-------- Collected material

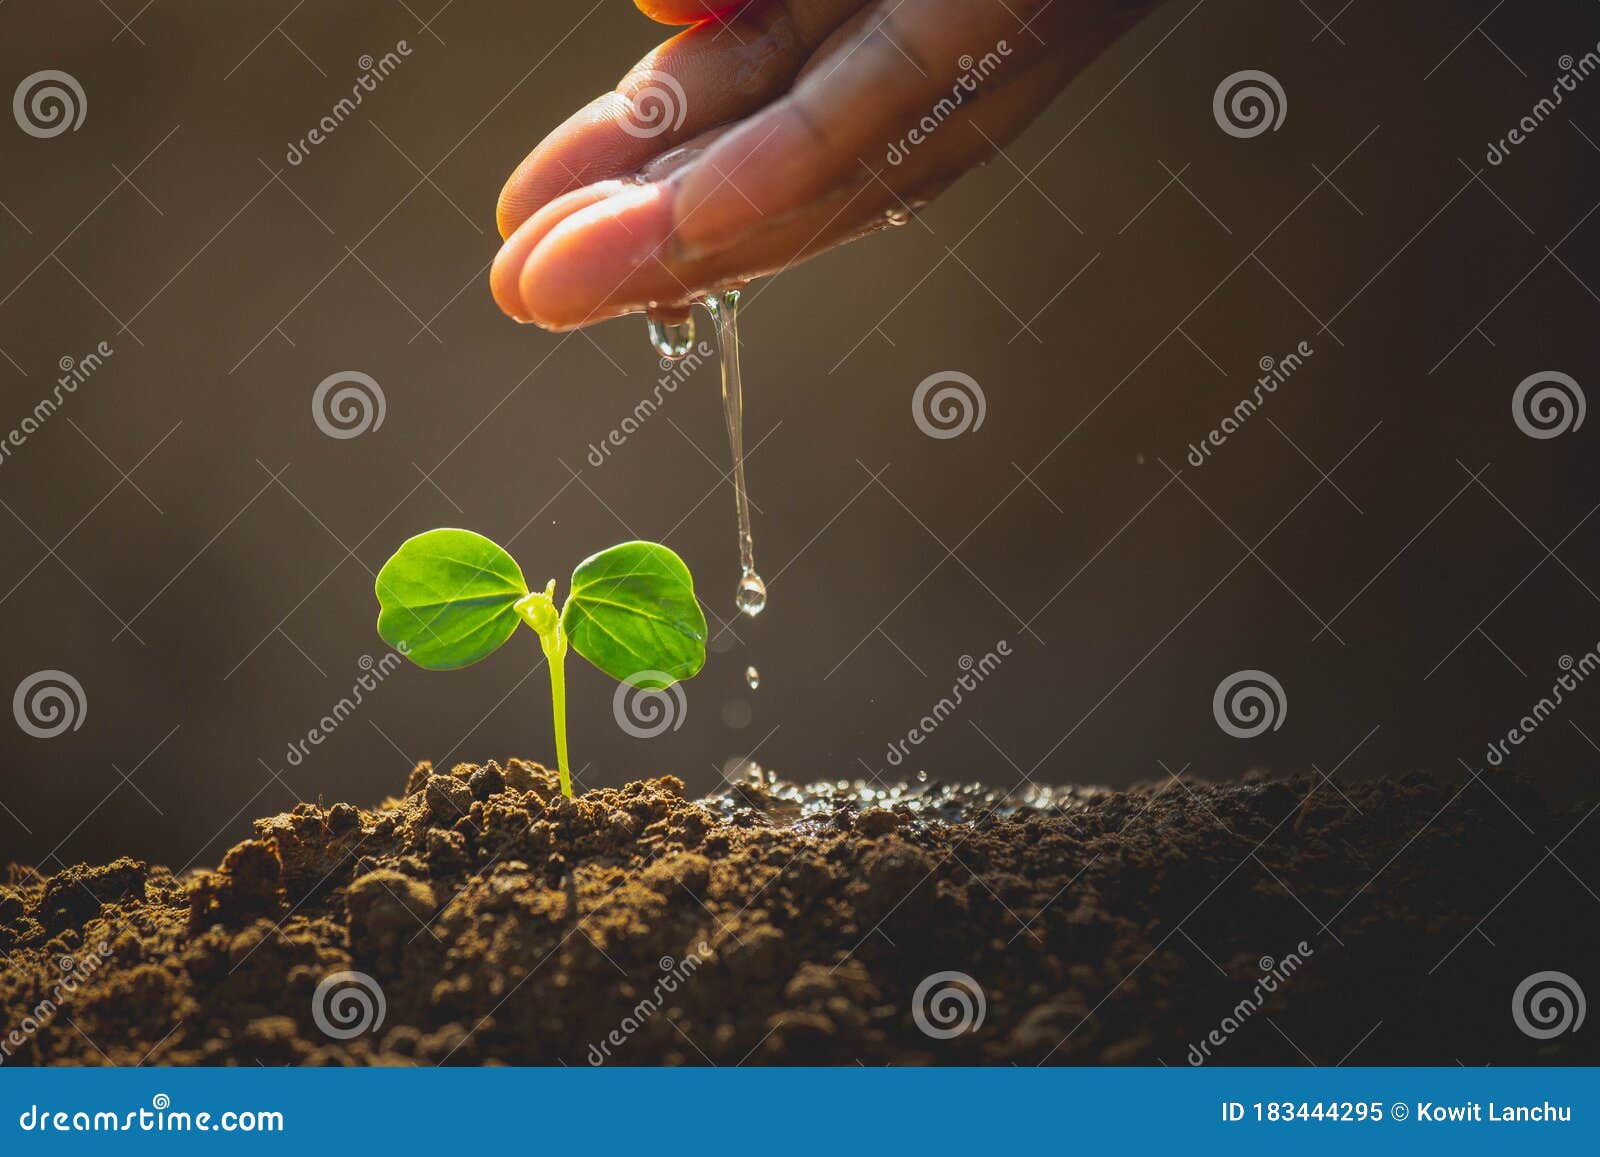 earth day concept. drop water on hand for growing tree. protect the environment.
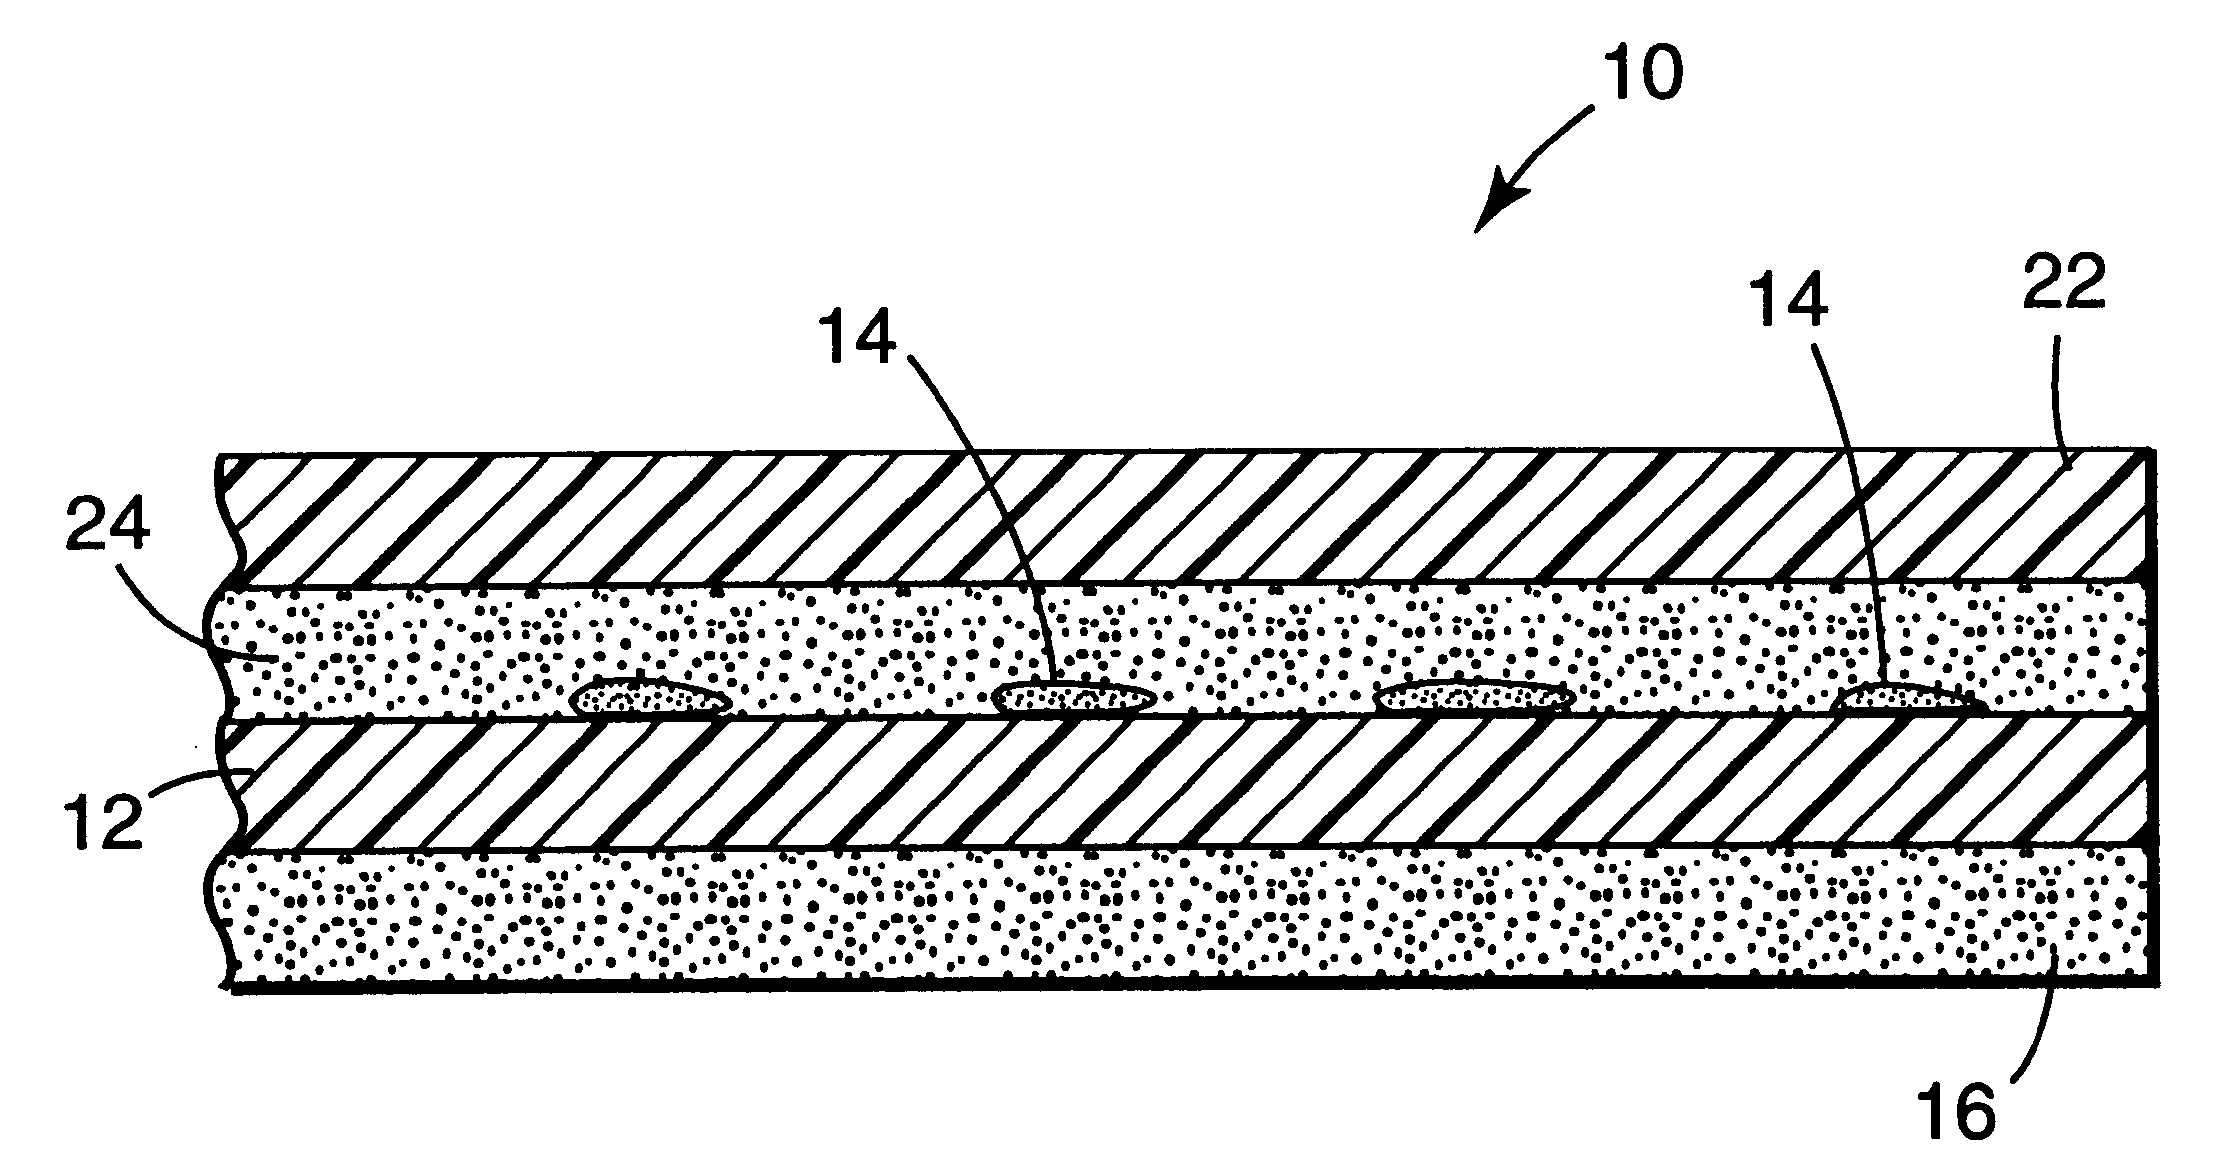 Method of stabilizing films or membranes using adhesive as a reservoir
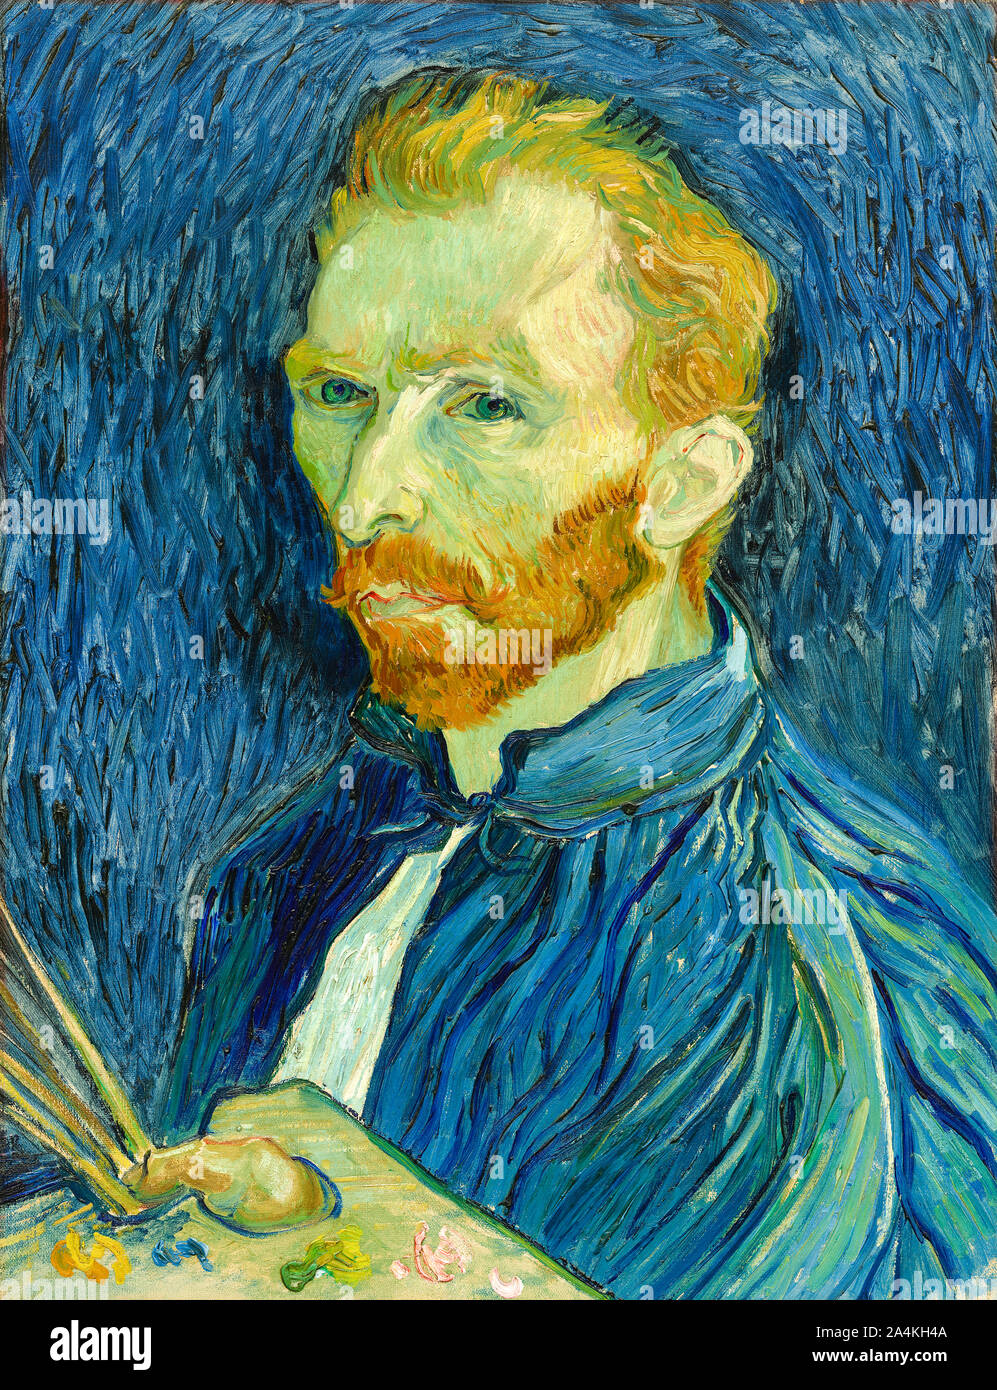 Self-portrait by Vincent van Gogh (1853-1890) Dutch post-impressionist painter painted in the Saint-Paul-de-Mausole asylum near Saint-Rémy in 1889 depicted as an artist. The painting is now in the collection of the National Gallery of Art, Washington, D.C., USA. Stock Photo
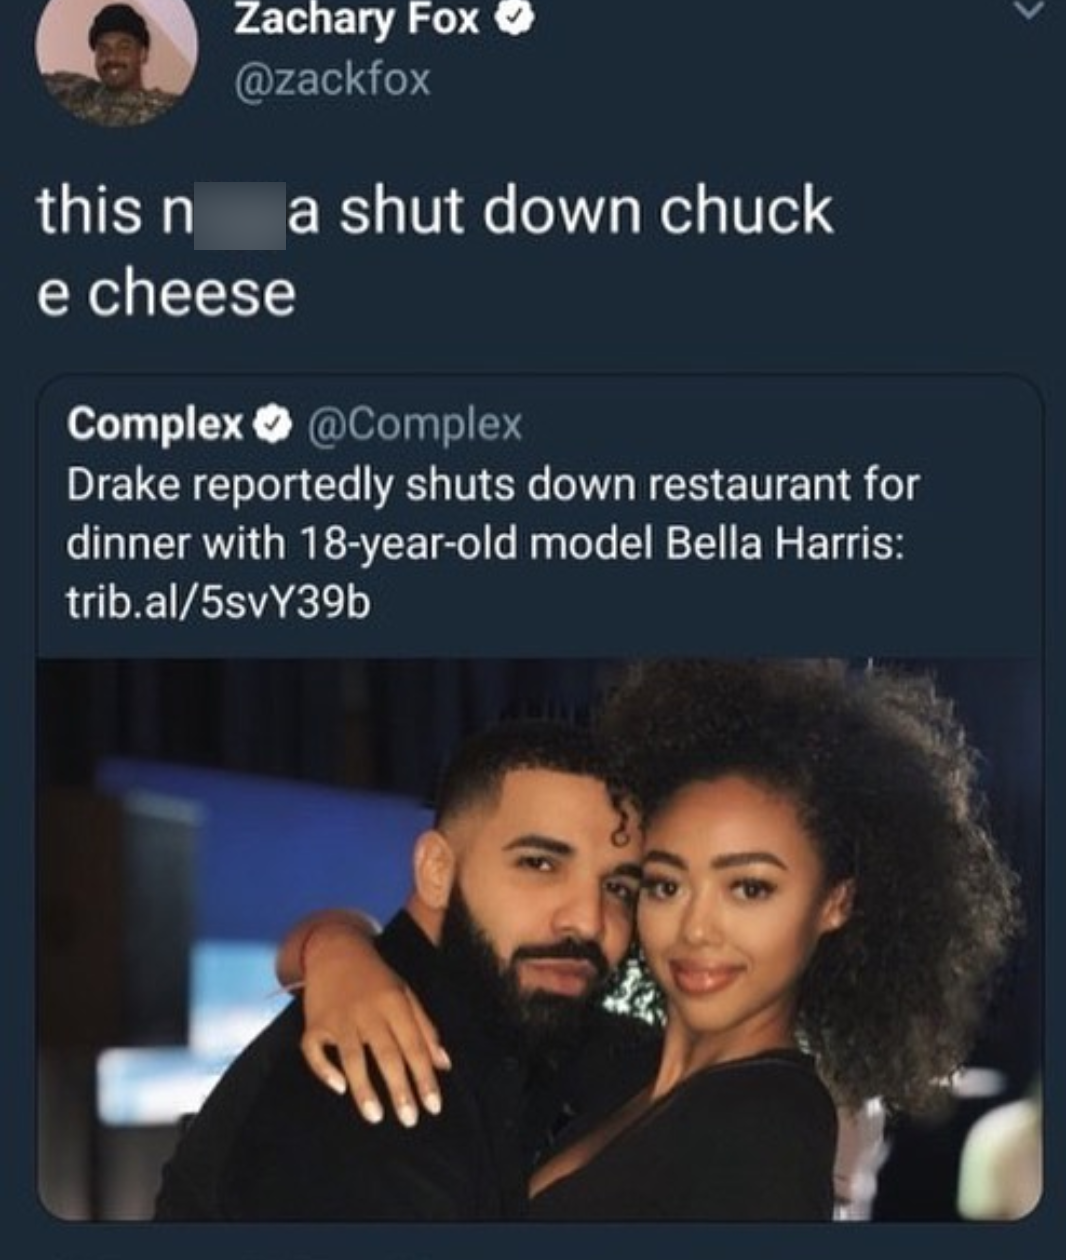 meme drake and 18 year old model - Zachary Fox this n a shut down chuck e cheese Complex Drake reportedly shuts down restaurant for dinner with 18yearold model Bella Harris trib.al5svY39b

----------------

- **Your assignment**
Copy each line above exactly, with no images.

- **Exercise answer**
 earth day concept. drop water on hand for growing tree. protect the environment.
 Method of stabilizing films or membranes using adhesive as a reservoir
 Self-portrait by Vincent van Gogh (1853-1890) Dutch post-impressionist painter painted in the Saint-Paul-de-Mausole asylum near Saint-Rémy in 1889 depicted as an artist. The painting is now in the collection of the National Gallery of Art, Washington, D.C., USA. Stock Photo
 meme drake and 18 year old model - Zachary Fox this n a shut down chuck e cheese Complex Drake reportedly shuts down restaurant for dinner with 18yearold model Bella Harris trib.al5svY39b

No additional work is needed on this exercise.